Wave length of a transverse wave

[ness9660]

1) A transverse wave of frequency 25 Hz propa-
gates down a string. Two points 30 cm apart
are out of phase by (5*pi)/3
What is the wave length of the wave? An-
swer in units of cm.

Im kinda lost here, I am unsure how wave length will relate to the given info. I am sure the phase is part of the relation but I am unsure of how. The best I've been able to figure so far would be converting the frequency to a period, then using v= lambda/T.

I suppose phase is key to solving this problem, but maybe I am unsure of exactly how phase relates?





2) Given two equations Y1 = A / (Bx - Ct)^2 Y2= -A / (Bx + Ct - E)^2
At what time will the two waves exactly cancel everywhere? At what point do the waves always cancel?

Ive been reading in my book about this problem and I am unsure exactly what the case is for two waves to cancel each other out. I would assume they have to be exactly out of phase with each other, so that the peak of one corresponds with the valley of another. Although I am unsure how to meet this condition in the above equations.




Thanks for any help!

 

[berkeman]

-1- There are 2*pi radians in a cycle, right? What part of that is 5*pi/3?

-2- Weird question -- I don't get the equation forms either. Y1 and Y2 don't seem like waves, and how can there be a "time" where the waves cancel everywhere? What's everywhere? All x? All t? Are you sure that you've copied that question correctly? Are there other examples of "waves" in your text that use this equation form?
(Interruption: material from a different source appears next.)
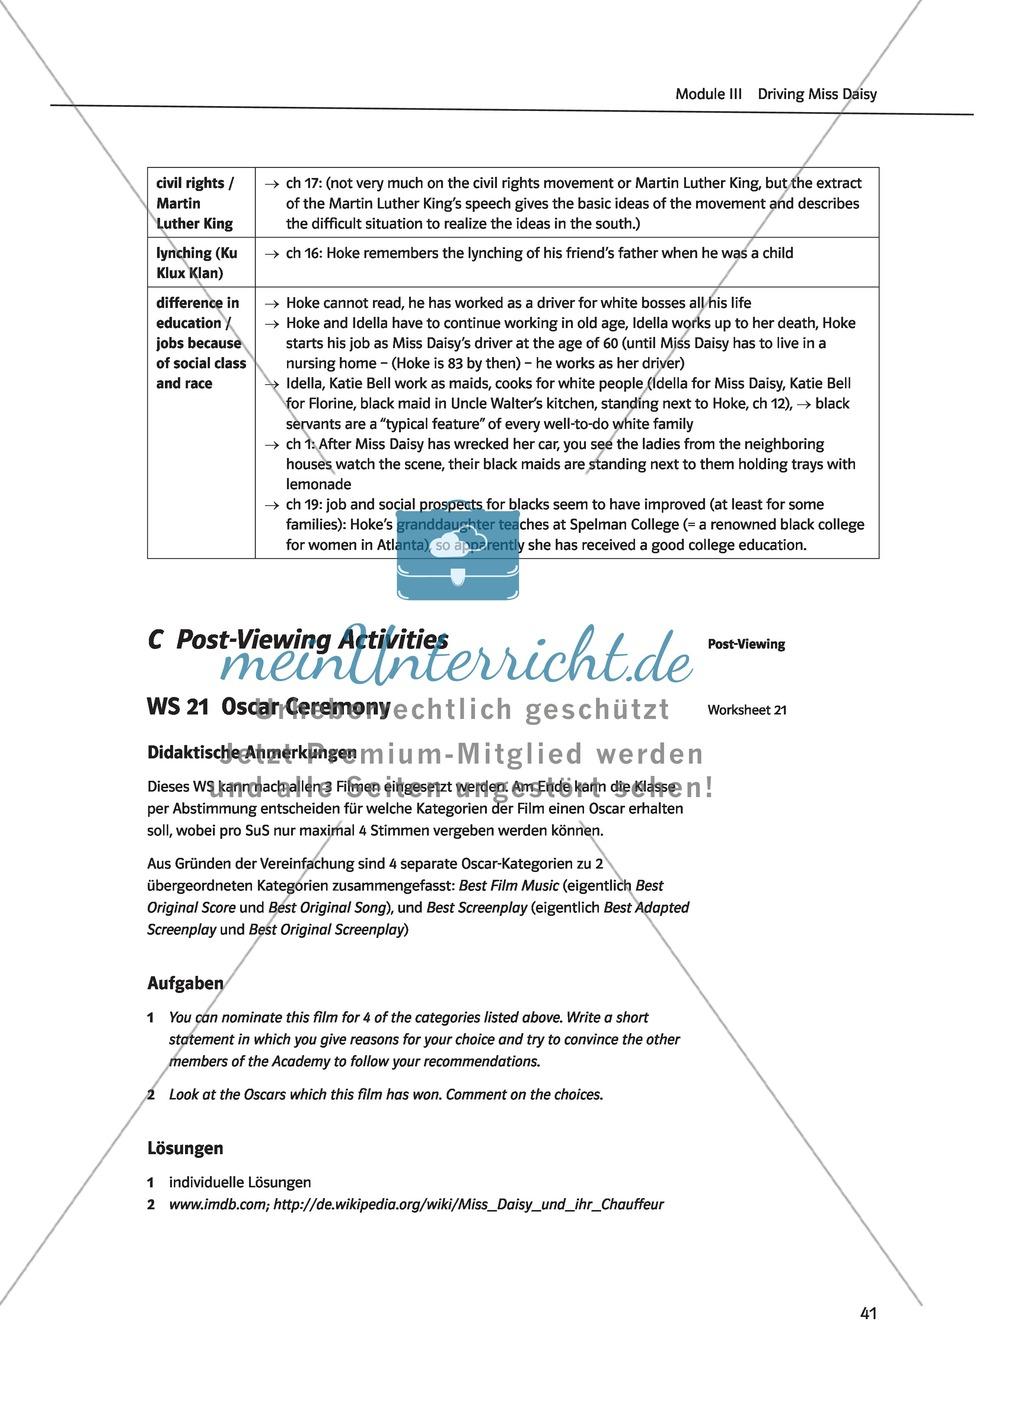 Driving Miss Daisy: Lernziele + Inhalt + Arbeitsblätter + Klausur + Lösungen Preview 23

Are there maybe some complex exponentials missing from the equations or something?

 

[ness9660]

-1- There are 2*pi radians in a cycle, right? What part of that is 5*pi/3?

-2- Weird question -- I don't get the equation forms either. Y1 and Y2 don't seem like waves, and how can there be a "time" where the waves cancel everywhere? What's everywhere? All x? All t? Are you sure that you've copied that question correctly? Are there other examples of "waves" in your text that use this equation form? Are there maybe some complex exponentials missing from the equations or something?
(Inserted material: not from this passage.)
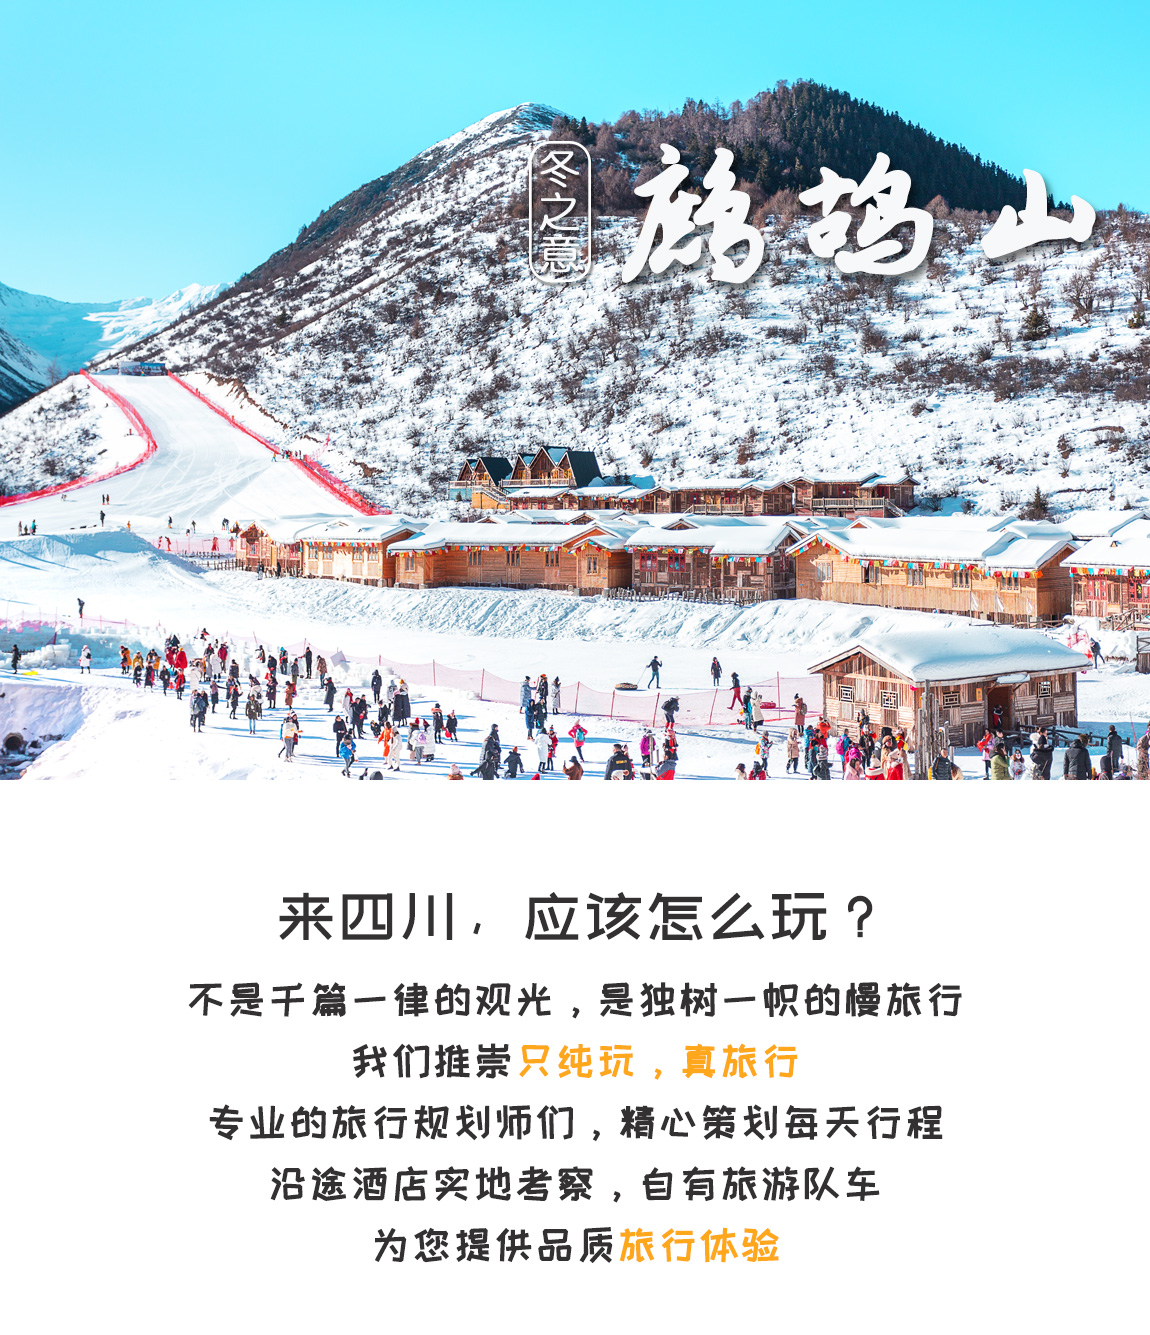 九寨沟+鹧鸪山拼车4天 (1)

For #2, here is the full question:

http://img137.imageshack.us/img137/8669/q229ni.gif As for the first problem, their cycles are out of phase (5pi/3)/2pi = .83333, right? so if the points are 30cm apart, the wavelength is .8333 *30cm?

 

[daveb]

The two waves cancel each other out at any time t when y1+y2=0

 

[ness9660]

The two waves cancel each other out at any time t when y1+y2=0

Thanks, after that it was easy to solve.

Iam still however lost on the first problem. So is it .83333 of a cycle out of phase, but I am still unsure as how to relate this to wavelength?

 

[ness9660]

Thanks, after that it was easy to solve.

Iam still however lost on the first problem. So is it .83333 of a cycle out of phase, but I am still unsure as how to relate this to wavelength?

Actually I just figured it out, thanks for the help!